개념상의 오류 외에도, 선택 오류, 관찰을 거꾸로 하는 오류, 제어기 오류 등 사람들이 오류에 대해 저지르는 여러 가지 일반적인 관찰 오류가 있다. In addition to conceptual errors, there are a number of common observational errors people make about errors, including Selection Fallacies, getting observations backwards, and the Controller Fallacy

Chapter 2: The Failure Detection Curve

Summary

실패검출은 탐지하기 가장 쉬운 실패가 가장 먼저 검출되는 실패라는 tautology에 의해 지배되므로 탐지가 진행될수록 작업이 어려워져 꼬리가 긴 특징적인 실패검출곡선을 만들어 낸다. Failure detection is dominated by the tautology that the easiest failures to detect are the first failures to detect, so that as detection proceeds, the work gets harder, producing a characteristic Failure Detection Curve with a long tail.
실패 감지 곡선의 긴 꼬리는 관리자가 실패 감지 작업을 잘못 추정하는 주요 원인 중 하나이다. The long tail of the Failure Detection Curve is one of the principal reasons managers misestimate failure detection tasks.
실패탐지곡선은 자연적인 역동성을 나타내기 때문에, 그것이 말하는 것보다 더 좋은 성과를 내기 위해 우리가 할 수 있는 일은 없다. 그러나 실패 감지 프로세스를 관리하는 방법에 주의를 기울이지 않으면 훨씬 더 나쁜 성능을 발휘할 수 있다. Because the Failure Detection Curve represents a natural dynamic, there is nothing we can do to perform better than it says. We can, however, perform much worse, if we're not careful of how we manage the failure detection process.
실패탐지곡선이 모두 나쁜 소식은 아니다. 시간에 따른 검출된 고장 패턴은 시험 적용 범위를 저해하는 일이 발생하지 않는 한 특정 수준의 고장 검출에 도달하는 시간을 예측하는 데 사용할 수 있다. The Failure Detection Curve is not all bad news. The pattern of detected failures over time can be used as a predictor of the time to reach any specified level of failure detection, as long as nothing is happening to undermine test coverage.
시험 적용범위를 저해할 수 있는 것 중 일부는 과실을 차단하는 것, 마스킹하는 것, 시험할 때 늦게 해제하는 것 등이다. Some of the things that can undermine test coverage are blocking faults, masking faults, and late releases to test.
늦게 완성되는 모듈은 부실한 코딩 사이클에서 발생할 수 있는데, 이는 고장 가능성이 높은 모듈일 가능성이 높다는 것을 의미한다. 후기 마감 모듈의 시험 속도를 높이기 위해 고안된 관리 정책은 실제로 문제를 더 악화시킬 수 있으며 소위 "불운" 추정을 많이 설명할 수 있다. Late finishing modules may arise from a cycle of poor coding, which means that they are more likely to be fault-prone modules. Management policies designed to speed testing of late finishing modules may actually make the problem worse, and may account for much so-called "bad luck" estimating.

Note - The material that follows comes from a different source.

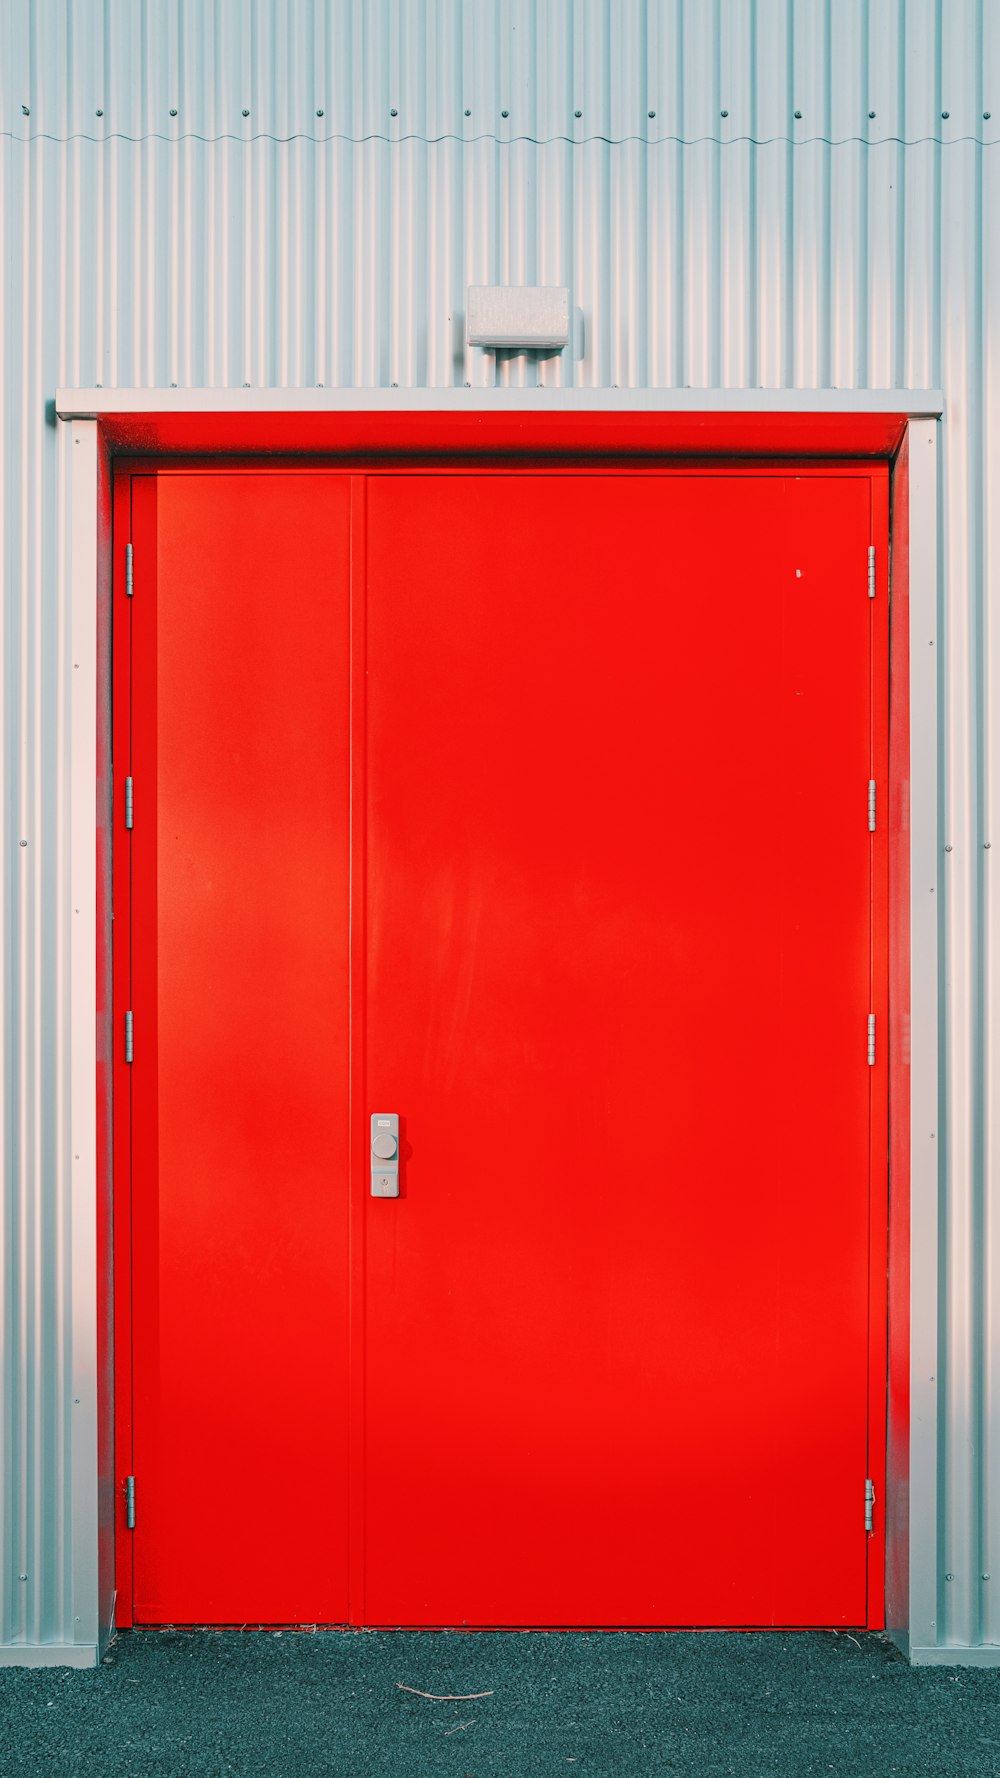 상단에 흰색 상자가있는 빨간색 문

Chapter 3: Locating The Faults Behind The Failures

Summary

시스템 크기는 고장 위치의 역학관계에 직접적인 영향을 미치지만 간접적인 영향도 있다. 우리는 크기/복잡성 다이나믹을 이기기 위해 분할과 정복을 사용하며, 또한 분만 시간을 이기기 위해 노동력을 나누기도 한다. 그러나 이러한 노력은 시스템 크기가 고장 위치 시간에 미치는 여러 가지 간접적인 영향을 초래한다. System size has a direct effect on the dynamics of fault location, but there are indirect effects as well. We use divide and conquer to beat the Size/Complexity Dynamic, and we also divide the labor to beat delivery time. These efforts, however, lead to a number of indirect effects of system size on fault location time.
조직이 STI를 어떻게 처리하는지를 관찰함으로써 그 문화에 대해 많은 것을 배울 수 있다. 특히, 당신은 그것의 문화적 패턴이 증가하는 고객이나 문제 수요에 대한 스트레스에서 어느 정도인지 배울 수 있다. You can learn a great deal about its culture by observing how an organization handles its STIs. In particular, you can learn to what degree its cultural pattern is under stress of increased customer or problem demands.
중요한 역학관계는 비선형적으로 성장하는 STI의 순환을 기술하는데, STI가 더 많이 순환한다. An important dynamic describes the circulation of STIs, which grows non-linearly the more STIs are in circulation.
STI 손실과 같은 공정 오류도 위치 시간을 증가시킨다. Process errors such as losing STIs also increase location time.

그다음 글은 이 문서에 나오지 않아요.